For engineering workflows like converting JavaScript to TypeScript, you can use a similar stack in Node.js.

// index.js (Node.js snippet)
const { Ollama } = require("@langchain/community/llms/ollama");
const { Chroma } = require("@langchain/community/vectorstores/chroma");
const { OllamaEmbeddings } = require("@langchain/community/embeddings/ollama");

async function run() {
  const embeddings = new OllamaEmbeddings({ model: "mxbai-embed-large" });
  const vectorStore = await Chroma.fromDocuments(docs, embeddings, {
    collectionName: "code-examples",
    url: "http://localhost:8000",
  });
  
  const model = new Ollama({ model: "qwen2.5-coder:0.5b" });
  // ... proceed to query and generate
}

Comparison: Local RAG vs. Cloud RAG

Aspect	Local RAG (Our Build)	Cloud RAG (OpenAI/Anthropic)
Data Privacy	100% Private (On-Prem)	Subject to Provider Terms
Cost	Free (Infinite Tokens)	Pay-per-Token
Latency	Ultra-Low (Localhost)	Network Dependent
Customization	Full Control (Models, Chunks)	Limited to Provider APIs
Offline Use	Supported	Not Supported

Evaluating with Ragas

Why evaluate? Retrieval and prompts often "look right" but produce subtly wrong answers. Ragas quantifies this with five critical dimensions:

Faithfulness: Does the answer stay true to the retrieved context?
Answer Correctness: Is the answer factually accurate?
Answer Relevancy: Does the answer directly address the user's prompt?
Context Precision: Are the retrieved chunks truly relevant?
Context Recall: Did we retrieve all necessary information?
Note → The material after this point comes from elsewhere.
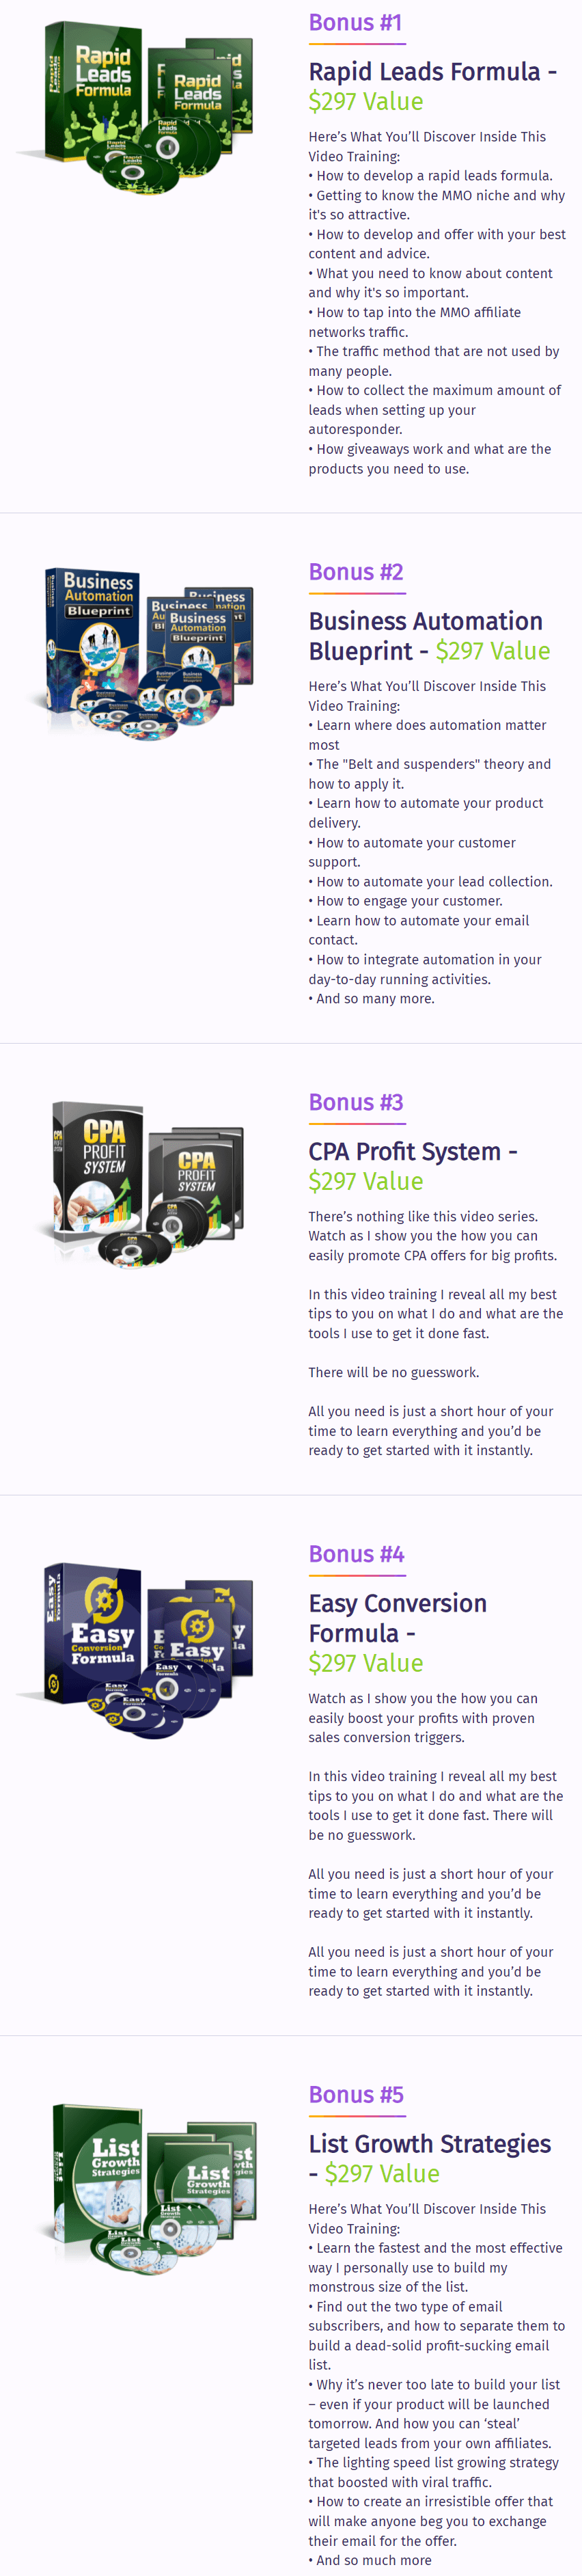 Clickspush-bonus

Pro Tip: If local evaluation times out, you can use a hosted LLM (like GPT-4o) as the evaluator while keeping your actual application and data 100% local.

Production Checklist

Chunking: Start with 750/200 for prose or 500/100 for granular data. Tune by spot-checking summaries.
Retrieval: Use MultiQueryRetriever when single-query recall is thin.
Persistence: Use a stable persist_directory or the Chroma Docker server to avoid re-indexing.
Models: Llama 3.2 is excellent for general chat; use Qwen 2.5 Coder for development tasks.